The Only Pirate at the Party is a fun, entertaining journey from Lindsey’s adolescence to her success as a performer. I loved how honest she was about who she is, even about her faults. Plus, this book is one of the few that made me laugh. I don’t mean that it made me chuckle—I mean I literally laughed, the kind when you’re taking a big drink while someone tells you a joke. I’ve included a couple of my favorite passages:

I’d always imagined having a brother would entail living with a cool best friend who doubles as a yardman and sets up my tent on camping trips. Now, I just picture that monkey on YouTube that pees in his own mouth.

I think college is a lot like childbirth. I’ve never pushed a baby out myself, but I hear it’s comparable to doing squats over a pile of flaming swords.

Of course, I had to be reading this in the middle of my Chemistry class, so everyone got to see me clutching my sides while I guffawed into the table.

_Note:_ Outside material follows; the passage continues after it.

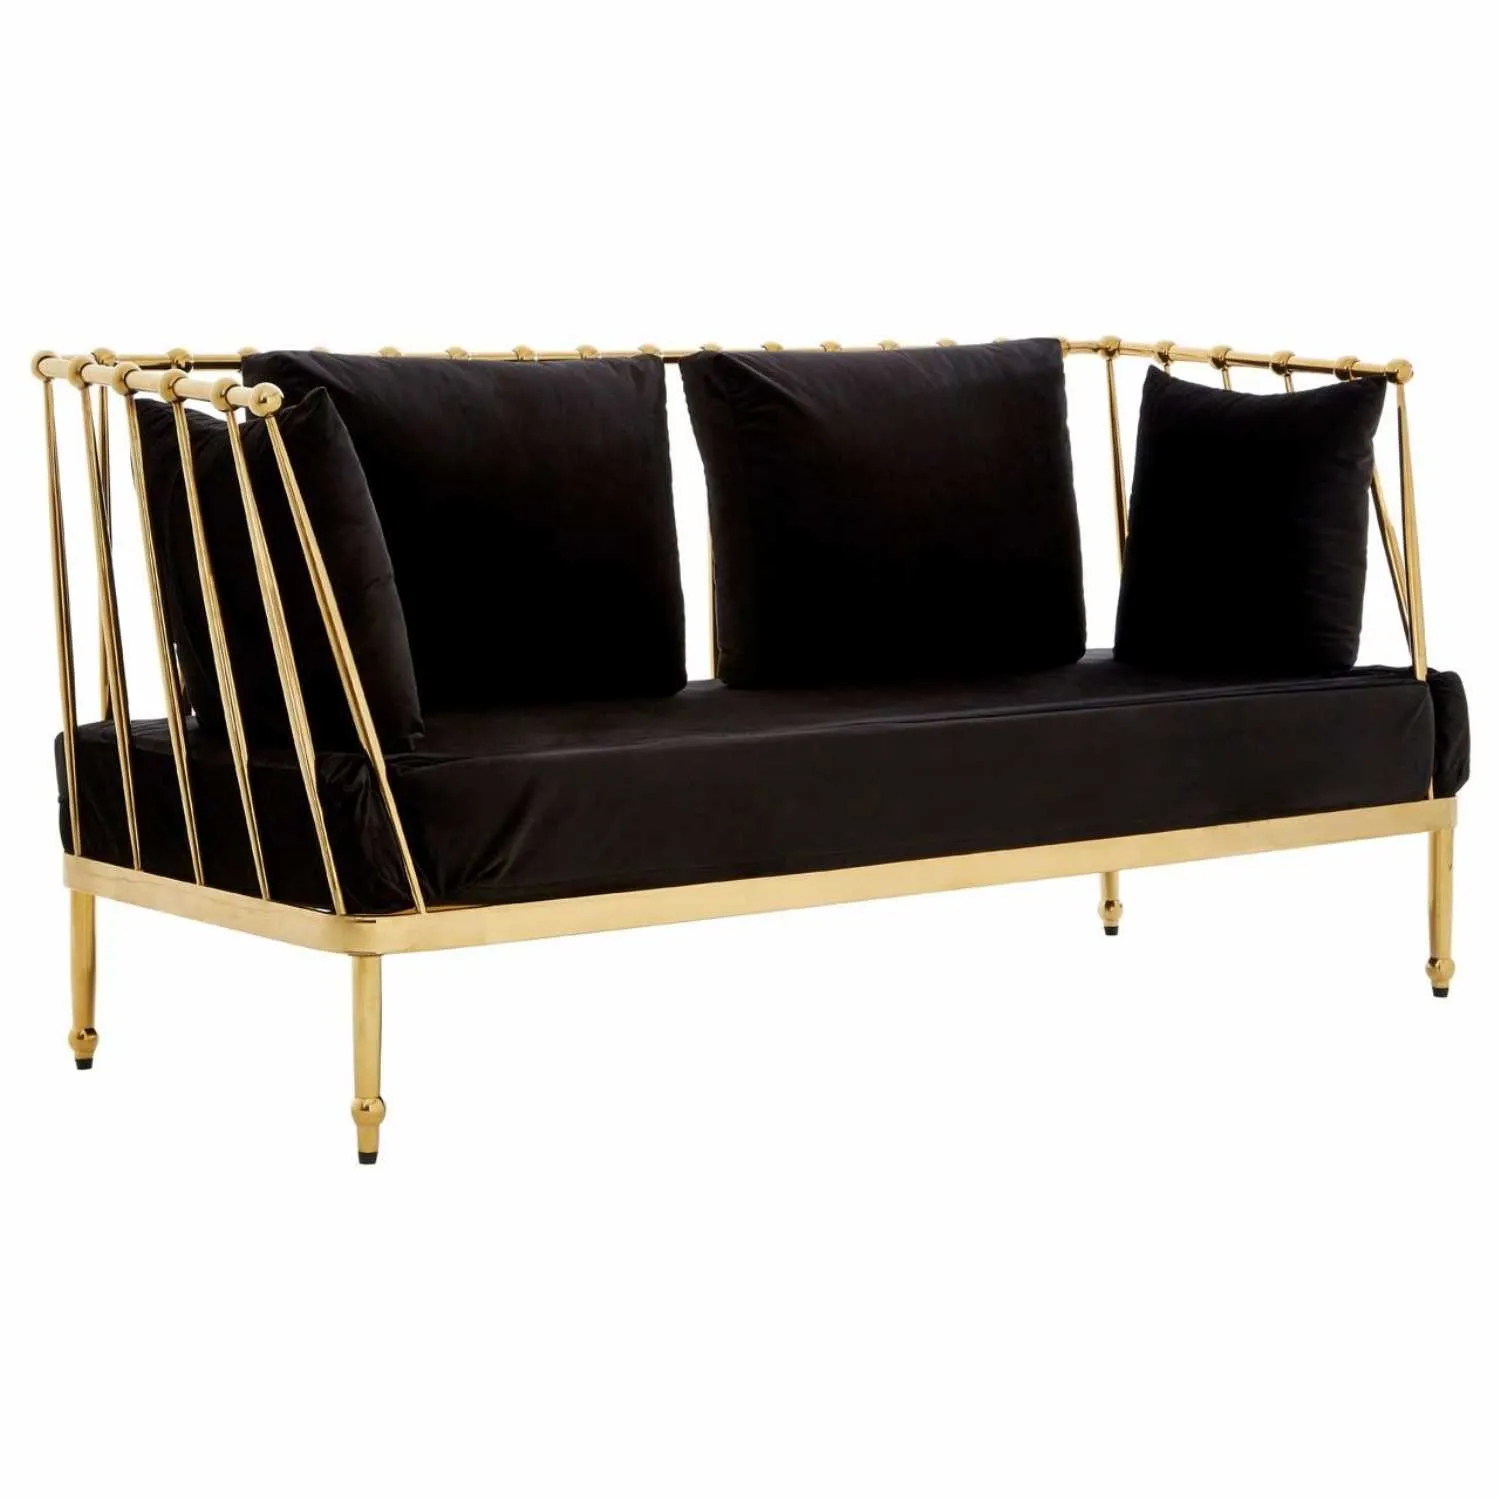 2 Seater Black Fabric Upholstered Gold Finish Tapered Arms Sofa

Her biography isn’t just funny jokes, though. She was also so open about her struggles with her eating disorder, and I loved how she explained it: it’s not just skipping meals, it’s this constant mental struggle with yourself, and it’s almost like there’s another person inside of you that’s bullying you around. Her stories about her lack of self-confidence felt earnest and real. In this book, she doesn’t feel like a celebrity at all, and that’s exactly what she’s getting at.

All in all, a very compelling biography about a very compelling individual.